Early stage entrepreneurship

Most entrepreneurs, in the beginning stages of their business, put up money of their own in order to start the business. In 2011, early-stage entrepreneurship jumped in 75 percent of developed countries. Most of this entrepreneurship came in non-high tech ventures, such as service industry, restaurants, dry cleaners, grocery stores and information-economy jobs such as writing and photography. Many people are coming in to entrepreneurship as a last resort, when they are laid off from their jobs and essentially must start businesses in order to work.

A drop in available funding

Generally, small businesses have been financed through a combination of venture capital financing, loans from banks and financial institutions, personal savings, private financing and investors. For the most part, the availability of venture capital financing has been dropping in the United States; a PricewaterhouseCoopers report in 2011 showed that VC financing dropped more than 17 percent during the year. Many small business owners are also choosing to not even apply for bank loans, instead relying on other sources of funding for their businesses. It is not so much a matter that businesses are getting turned down for loans, but that many businesses are not even attempting to apply for those loans.

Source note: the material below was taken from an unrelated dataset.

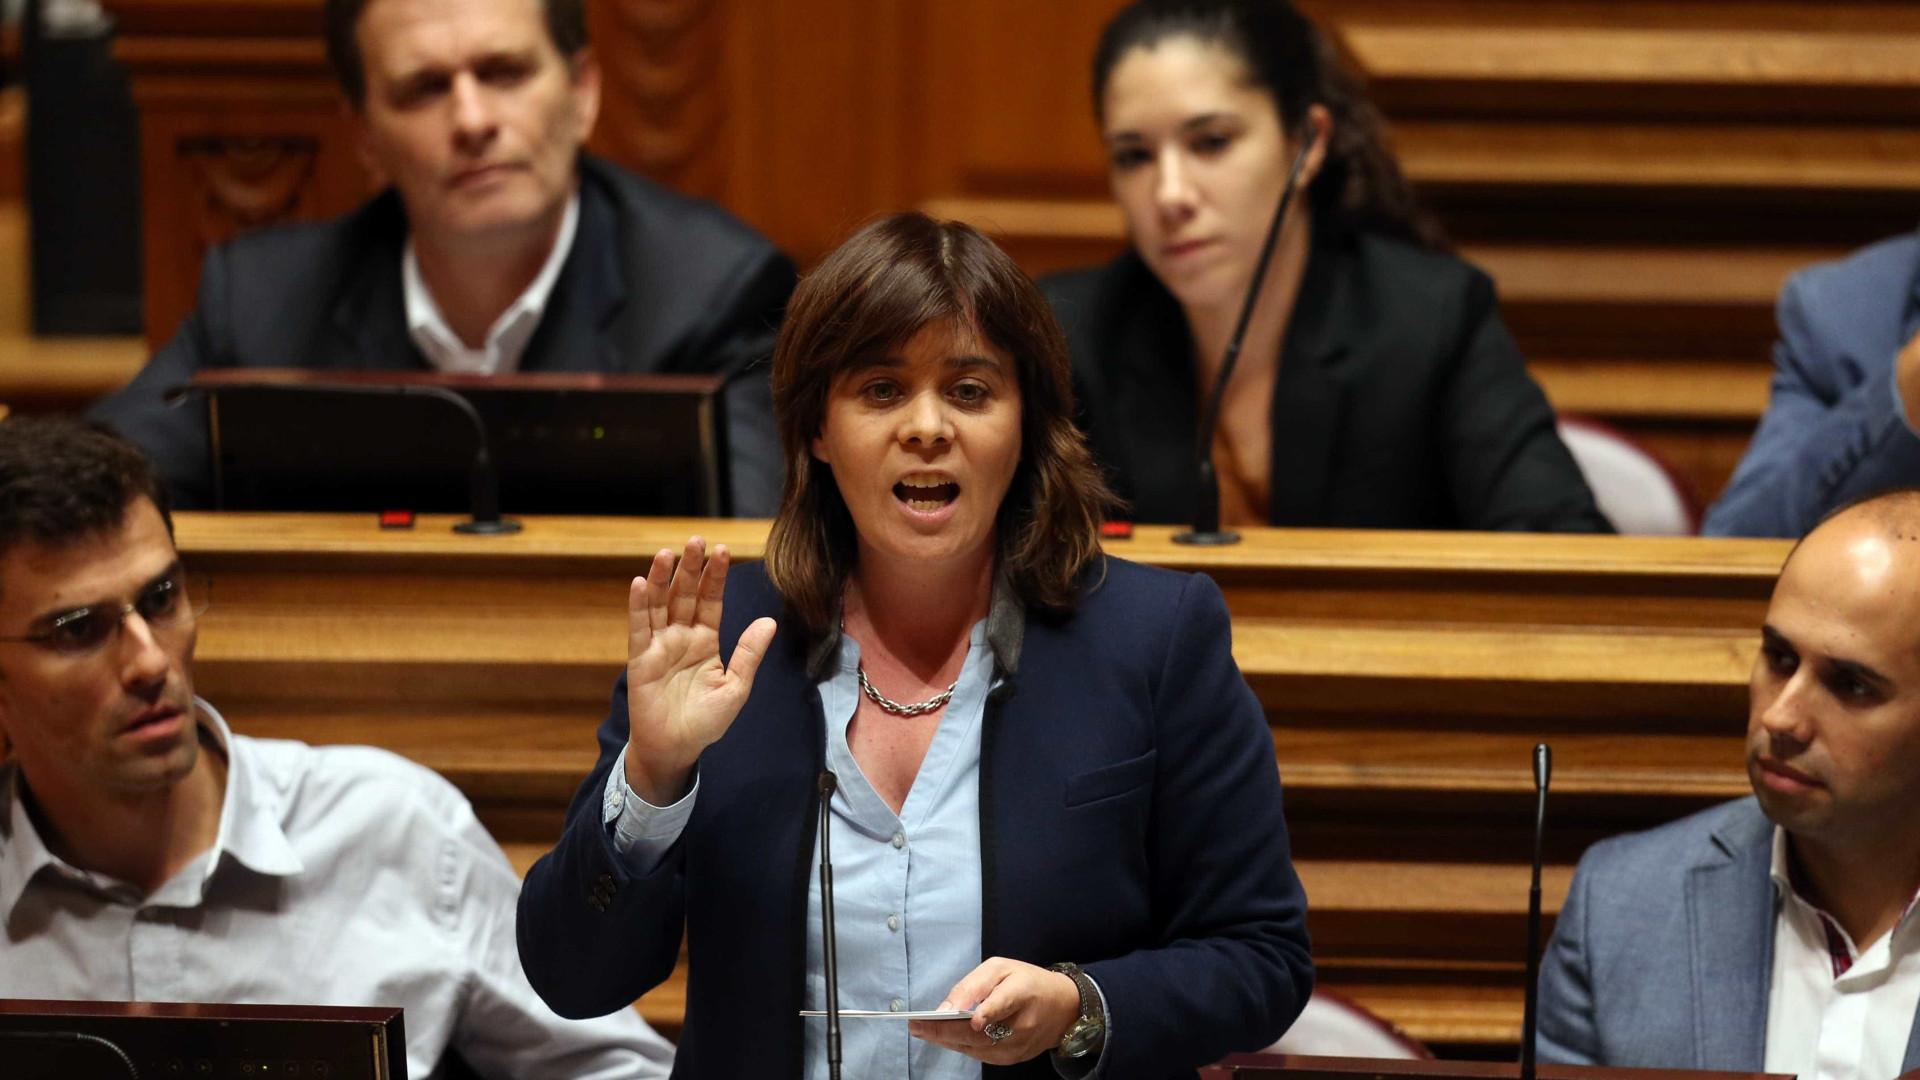 Catarina Martins contraria António Costa: era possível
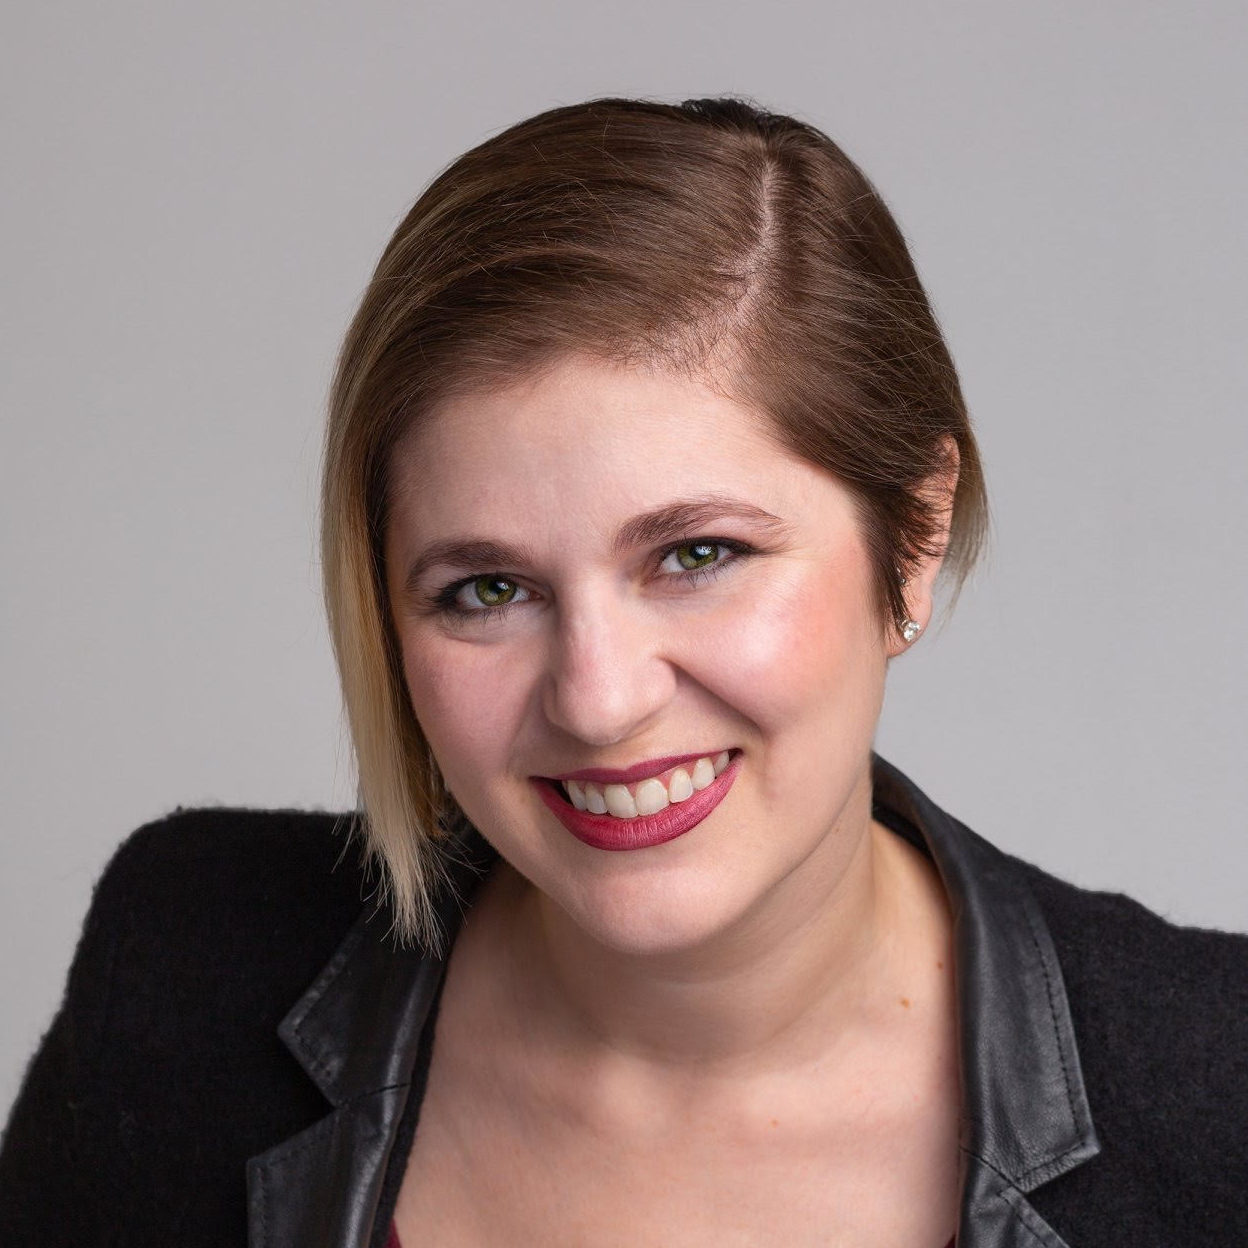 Laura Knotts

European businesses relying on savings

As with the United States, many entrepreneurs in Europe have reported that they are relying on personal savings to keep their businesses going. The Federation of Small Businesses asked 11,000 members about their funding sources. Approximately 3,600 members reported that they were relying on their personal savings accounts and the savings accounts of family members in order to keep their businesses operating. Financial analysts, however, warn that relying on private savings is not a sustainable way to maintain businesses over the long term, because savings eventually run out.

Why financing is drying up

The reasons that financing for new businesses is drying up are widely varied. Individuals with significant savings and capital are tending to hold their cash close to the chest, saving rather than spending. Investment is also more likely to go to infrastructure and disaster prevention than to high-tech start ups. The amount of cash available for investment has also gone down, as commodity prices and cash reserve requirements are going up.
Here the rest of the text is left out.